Despite the lack of superstructure and interior fittings she is still recognisably the same boat that first bewitched me in 1988. She literally has a heart of oak and although much of Sam’s painstaking craftsmanship has been stripped from her, her keel, frame, hull and deck are mostly intact and what is there now is largely sound and secure, much irredeemably rotten and damaged timber having been removed before she was moved inland.

Faced with such a task it was great to get stuck in for a few days and do my small bit to move things forward a little. We removed large amounts of accumulated detritus, redundant wiring and pipework from within the old saloon area and remaining cabins, leaving a clearer field of operations for work on actual restoration to begin. 

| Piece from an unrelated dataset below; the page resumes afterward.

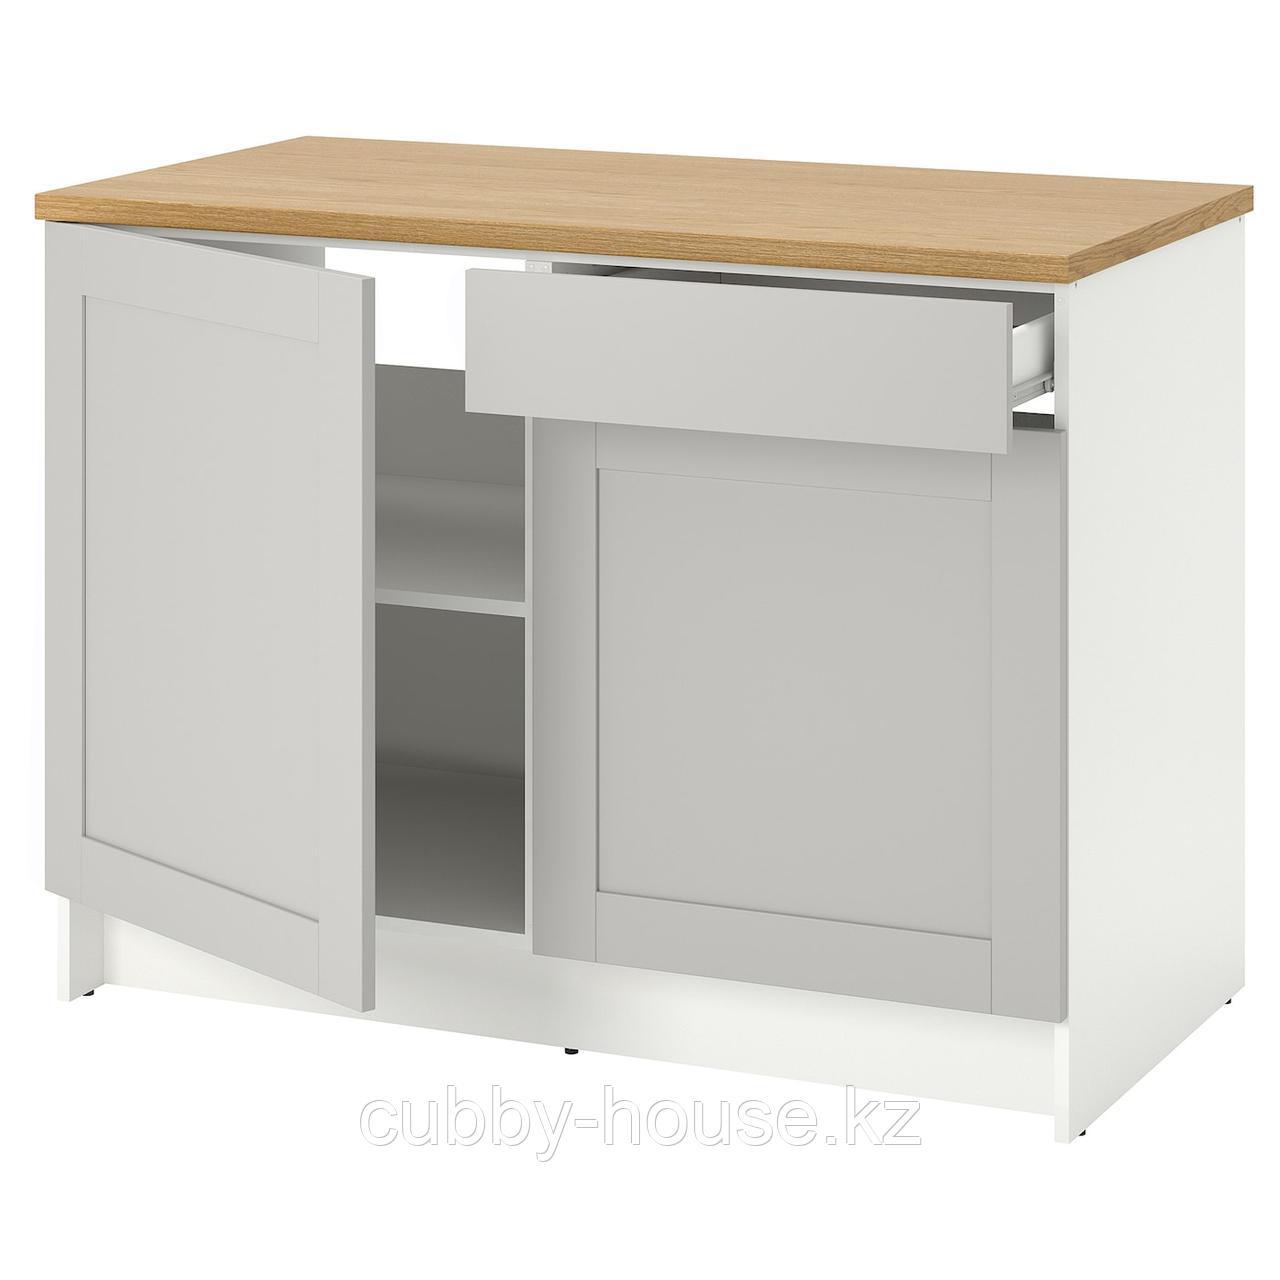 КНОКСХУЛЬТ Напольный шкаф с дверцами и ящиком, серый, 120 см

We also took delivery of some heavy-duty woodworking machinery from storage elsewhere, ready for its installation in the shed so that serious woodworking activities can commence. Best of all we manhandled a stack of huge pieces of sawn mahogany into safe storage in the shed to provide the wherewithal for eventual refitting of Britannia’s interior to the standard that old friends of her will remember from her heyday providing unforgettable sailing holidays amid some of Britain’s most beautiful land- and seascapes.

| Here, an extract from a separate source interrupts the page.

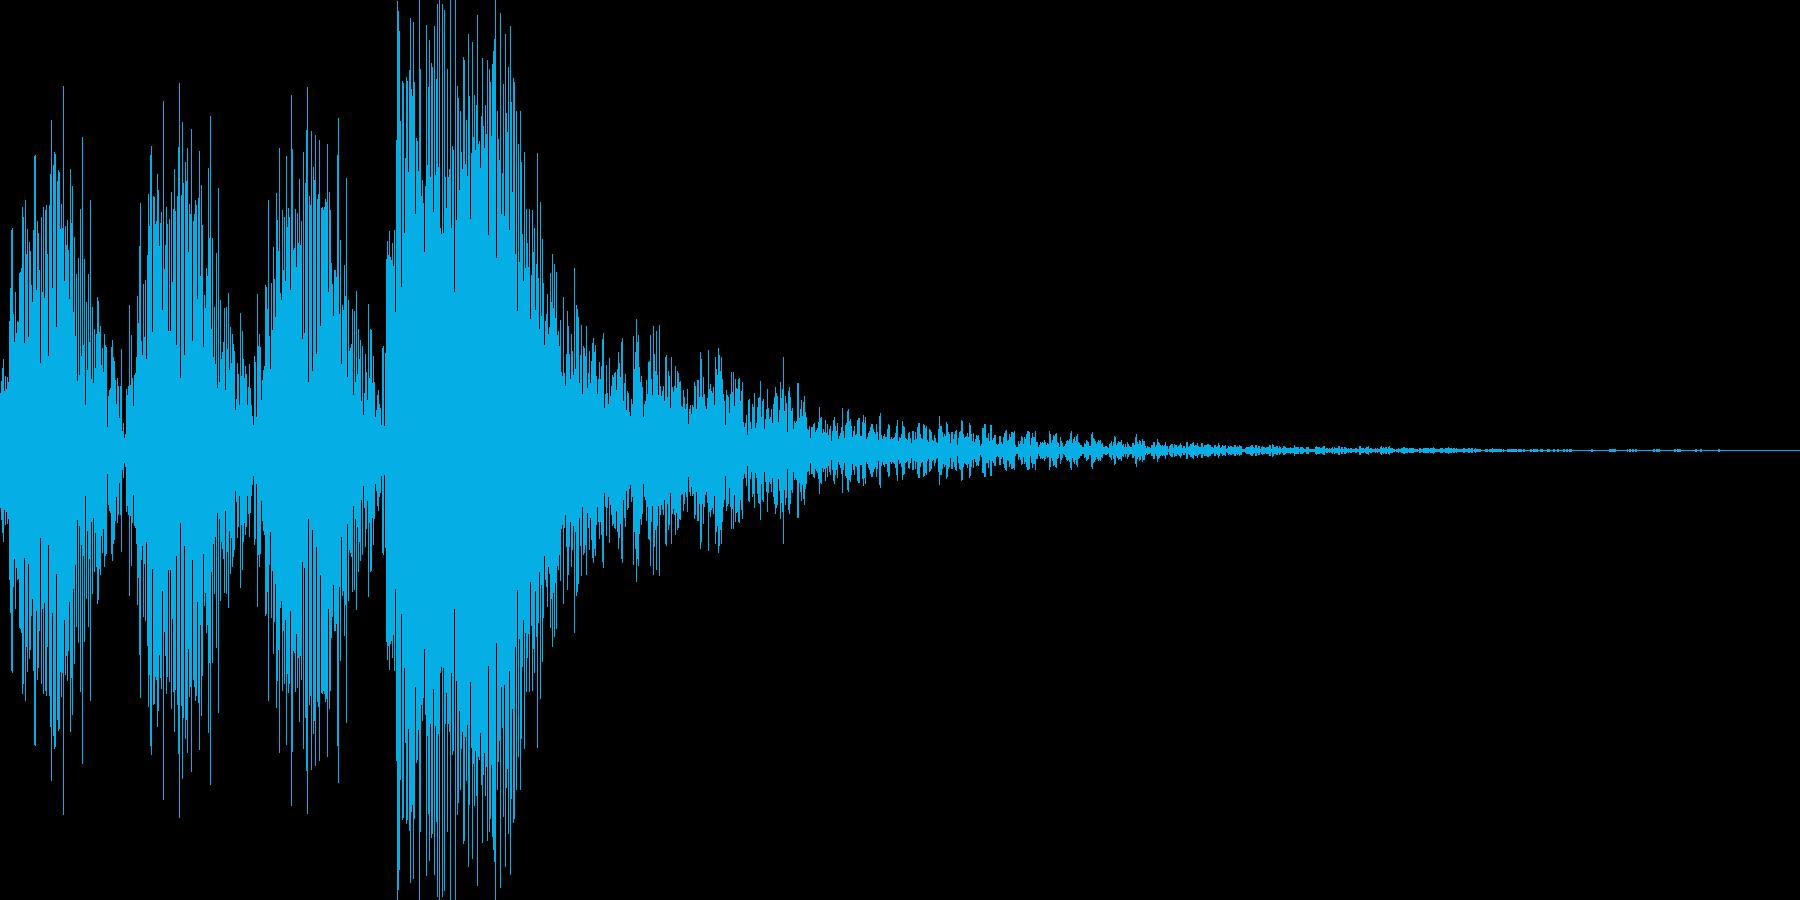 タタタタン(水〇黄門風)の再生済みの波形

None of this is going to be quick or easy, and a lot more financial and practical help will be needed in the next few years before the dream of returning her to the sea in A1 condition can be realised. I left with the firm conviction that Sam & Vicki’s new vision for their old friend is realistic and achievable and I cannot wait to have the opportunity to give another helping hand to the work and to admire the further progress I expect to see when I’m next able to visit. Meanwhile if it’s crossed your mind to lend a hand, do it! I could not have been made more welcome and it’s hard to think of a more satisfying and rewarding way of spending a few days than by rolling up your sleeves and getting stuck in!"

Britannia 1988 Loch Carron

Wednesday, 3 January 2018

Storms and Sugar

Happy New Year!   2018, roaring like a lion.

Well its 2.30 am and we are lying awake listening to the wind howling, and its joined by a few claps of thunder.  Storm Eleanor is raging.  The dogs are undisturbed, thankfully, albeit one is stone deaf!  I console (!) Sam by saying at least we have had 18 years of worry-free windy nights whilst we were no longer boat owners.   I guess all boat owners will relate to this.  It doesn't matter how much you prepare, sometimes there is just nothing more to be done and all you can do is hope.  I did my best to cheer Sam up by reminding him of all the gales that we had endured, the cups of tea in the middle of the night and what was it, oh yes, warm milk, honey and cinnamon - yum.  And listening to radio 4, up loud to drown as much of the wind as possible.   Sometimes, like hearing Big Ben chime, all appears to be normal and safe when you hear the BBC, despite what is going on outside.

Britannia is safe ashore, but we are still worried about the covers tearing.  I am worried about her being blown over, which I know is ridiculous, but we were having gusts of 60 -70 knots from the west which would be hitting her broadside.  Somehow, all your fears are magnified at 3am, 

Hopefully Storm Eleanor has passed through without too much damage done anywhere or loss of life.  A few big trees have come down, sadly, but the ground is very soft after all the rain this last couple of weeks.  Some people are without power - it feels like a bad winter so far for storms.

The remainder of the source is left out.